Namely, parametrize and "pull back" or write everything explicitly in terms of the parametrization.

Sha Vuklia

I should be able to handle forms I think, but the definition is fine as well

skull

9:13 PM

welcome professor

Ted Shifrin

oh, skull is back. how confuzling, all these changes of identity.

skull

yeah

Sha Vuklia

@TedShifrin I have never seen them write it like this, but I understand it

they use their own symbols, which is fine

Ted Shifrin

Hmm ... Well, "formally," $d\vec\ell = (dx,dy,dz)$. By writing things out with a parametrization, one can check that it all makes sense.

Sha Vuklia

right

Ted Shifrin

9:15 PM

Physicists will interpret $d\vec\ell$ as an "infinitesimal" displacement along the curve, which is in the direction of the tangent vector, so that's why you get work.

I.e., $\vec F\cdot d\vec\ell = \vec F\cdot\vec T\,ds$, where $\vec T$ is the unit tangent, and $ds$ is the element of arclength.

This is how you see work.

Sha Vuklia

yes

Ted Shifrin

Cool. We agree — for once :)

Daminark

I guess you could say that definition works :P

Sha Vuklia

oh oops, I am stubborn?

@Daminark lmao:p

Ted Shifrin

Of course you're stubborn. You want to understand things.

Sha Vuklia

9:17 PM

hahah, alright fair

Ted Shifrin

Don't encourage the pet, @Sha.

Daminark

Meow

Well, how's everything going?

Sha Vuklia

disastrous, we have to flee the country

Ted Shifrin

I see you sharpening claws ...

Sha Vuklia

sorry

Ted Shifrin

9:18 PM

flea the country?

Sha Vuklia

yea, it's full of bugs here

Mary Star

Hello!!

Could you give me a hint how we could find the minimum or maximum (if they exist) of $f(x,y)=\begin{cases}y-x & y\geq x^2 \\ 0 & y<x^2\end{cases}$ ?

Do we have to use the gradient?

Ted Shifrin

On all of $\Bbb R^2$, @MaryStar? Try some experimentation.

The function isn't everywhere differentiable, so the gradient is only helpful in the region where it is.

Mary Star

We have that $f(x,y)=\begin{cases}y-x & y\geq x^2 \\ 0 & y<x^2\end{cases}$.

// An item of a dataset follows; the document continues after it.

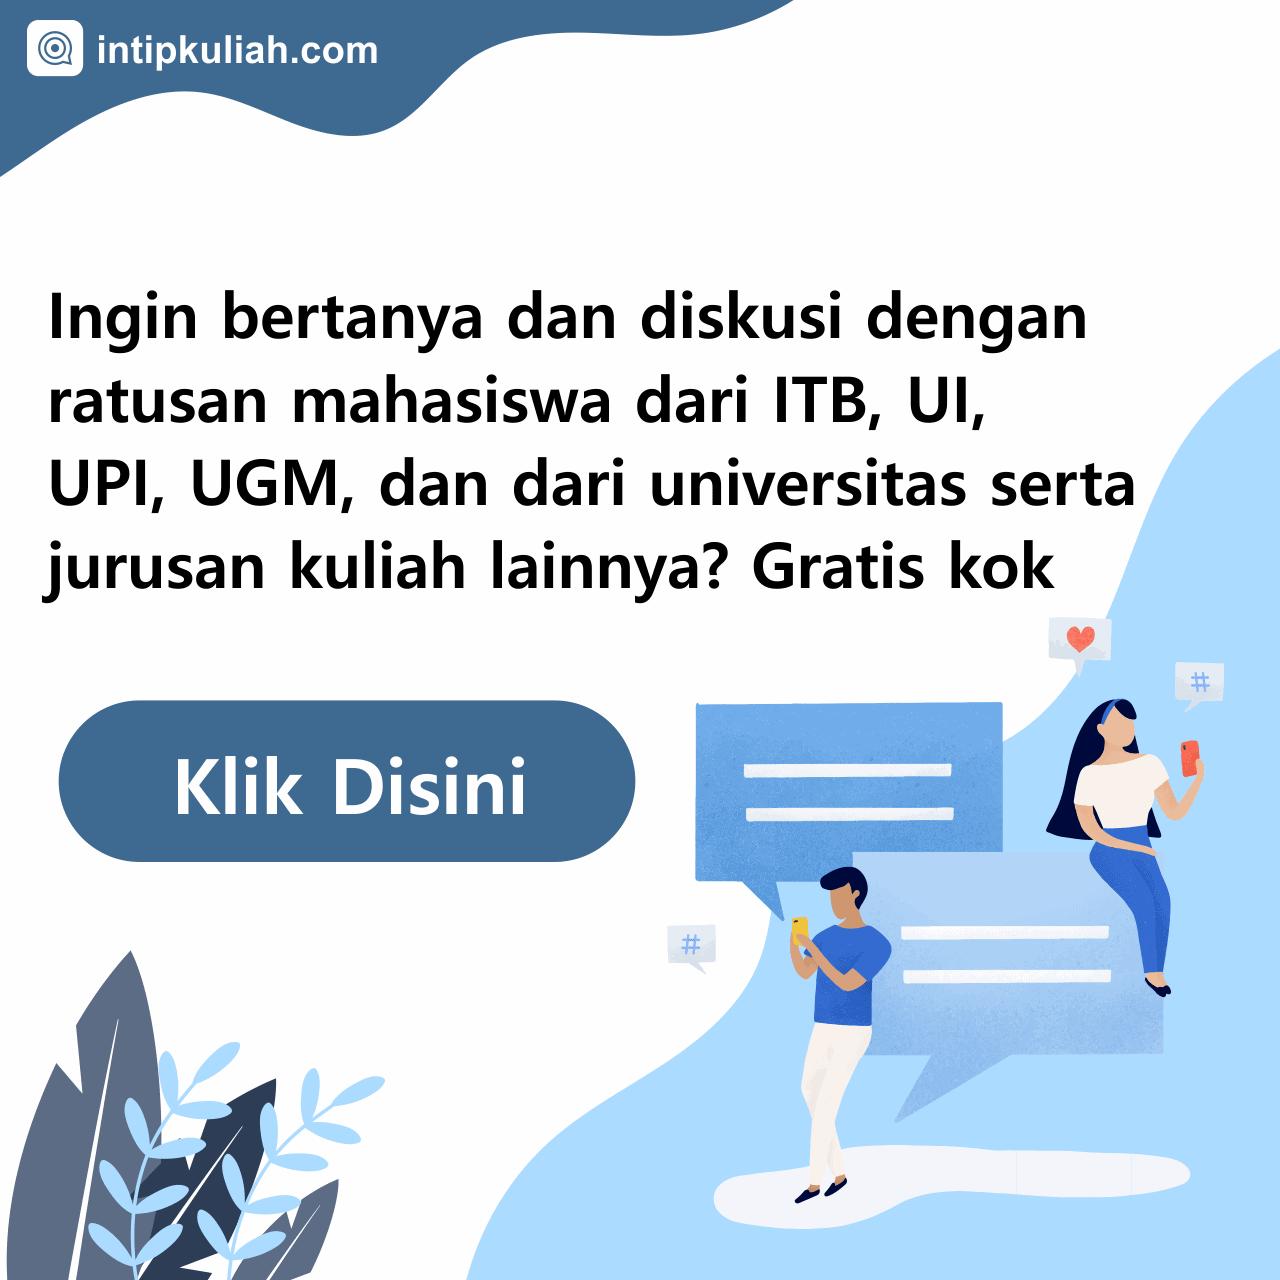 ITB, UI, UGM, UPI

If we don't use the gradient, so we have to see the graph? Or is there also an other way to check that? @TedShifrin

Alessandro Codenotti

Hi chat

Sha Vuklia

9:23 PM

yoos

Ted Shifrin

I'm suggesting you think about the graph, yes, @MaryStar.

Rehi demonic @Alessandro.

@Alessandro: Wanna give a hint on this?

Daminark

Hey @Alessandro!

Sha Vuklia

btw, at the end of the proof of Morera, they say that $F’=f$. Now, I do see the equivalence with the fundamental thm of calculus for 1D, but.. how does it work in the complex case? Does that always hold? I actually just tried to calculate it directly;
$$
F’=\dfrac{\partial}{\partial z}F=1/2\left(\dfrac{\partial}{\partial x}-i\frac{\partial}{\partial y}\right)F,
$$
but that gave me $1/2(\operatorname{Re}f+i\operatorname{Im}f+\operatorname{Im}f-i\operatorname{Re}f\}$. Did I just make a mistake? And can I use some fund. thm of calculus directly?

Ted Shifrin

The fundamental theorem of calculus can be proved immediately as you would for line integrals.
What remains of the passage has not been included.